If this sounds theoretical, he offers a very practical suggestion. “Here are five things that you can start doing right away: learn the names of your neighbors, walk your neighborhood regularly, invite others in, be present in the now, and pray.”

Jamie Arpin Ricci draws on St Francis of Assisi for some lessons for today about the word vs life and actions. Francis often preached (in a non-literate culture which depended on spoken word – unlike today) in public squares, using methods of troubadours (romantic prose, frolicking). He didn’t depend on entrenched power and privilege.

Faith and life

Donald Clymer’s family has a long history as Mennonites, he experienced legalism in the church in his youth, but also sees the good side of Anabaptism in community and mutual care/support, accountability (“Are you at peace with God and your fellow man?”), service and peace (conscientious objection). As a teacher in a Mennonite college, he sees frustration in his students at the narrowness of much church life – for example, they want to see inclusiveness in churches, a concern for the environment, love of nature, and an appreciation of mystery and the unknown.

He quotes Howard Bender on Anabaptism: “The focus of the Christian life was to be not so much the inward experience of God, as it was for the Luther, but the outward application of that grace to all human conduct and the consequent Christianization of all human relationships.” So, following Ronald Rolheiser, he suggests 4 essentials of spirituality:

  • private prayer and morality (incl spiritual disciplines, reverence for nature),
  • peace & social justice (service to the community of faith, justice for the environment),
  • participation in a community of faith, and
  • mellowness of heart (not taking ourselves too seriously, relaxing)

Michael Grenholm outlines how in the ministry of the Old Testament prophets and Jesus, the Spirit worked miracles and prophecy, but also led them to be concerned for the poor and for justice (e.g. Luke 4). He points out that early Anabaptists, the early Pentecostal movement, the ministry of John Wimber, and Heidi Baker in the present day all had this twin emphasis, and suggests via Romans 15:18-19 that the church needs it.

Christianity and empire

Robert Martin likens politicians, business, and people generally, who are caught in systems that control them, to the Beast in the book of Revelation. He suggests fighting to change these systems may be a waste of effort, for the Beast simply changes form and continues. Rather, he suggests, we need to starve the Beast by offering an alternative – not by separating ourselves out like the Amish, but by being a holy nation (1 Pet 2:4-10).

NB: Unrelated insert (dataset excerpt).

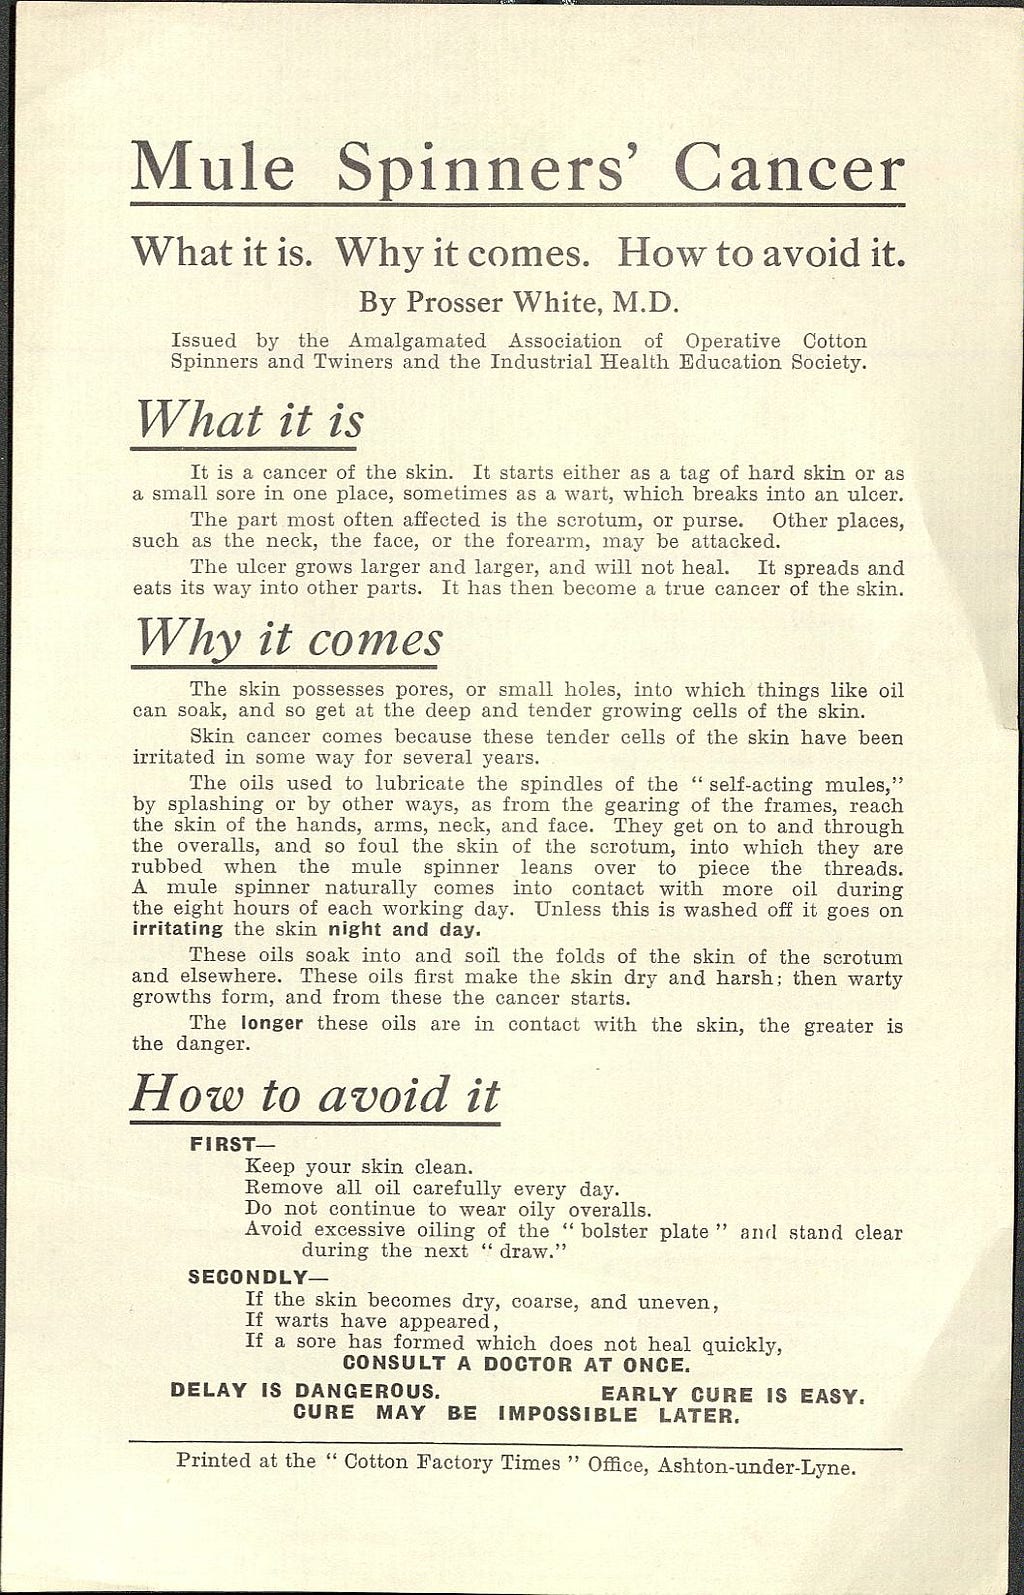 Printed leaflet on paper

Benjamin Corey believes US christians have a distorted view of christianity, blurred by culture: christianity = political conservatism, or guns, or capitalism. But Christianity should be contextualised to culture, not become one with culture. Jesus has become marginalised in much of the church, for his teachings are at odds with US empire, wealth, power and violence, and so passages in Paul or the Old Testament are used to justify behaviour. “Anabaptism invites christians to repent of the ways they have marginalised Jesus.” And start following Jesus again.

Drew Hart writes about racism and white supremacy, and observes: “In less than thirty years, the U.S. penal population exploded from around 300,000 to more than 2 million, with drug convictions accounting for the majority of the increase. The United States now has the highest rate of incarceration in the world, dwarfing the rates of nearly every developed country, even surpassing those in highly repressive regimes like Russian, China, and Iran.”

But wait, there’s more!

Those are just the thoughts which spoke most to me. There are many other good chapters – I especially enjoyed people’s stories of their lives and ministries, such as those by Brian Gumm and Samuel Wilcock.

Each chapter has a list of references and a study guide so the book can be used in a group.

I’m not sure if I wasn’t a MennoNerd whether I’d ever have read this book, or even noticed it. But it is well worth a look.

Afternote: Somehow I didn’t post this when I wrote it and then gave some people a link to the draft. But here it finally is, better late than never I hope!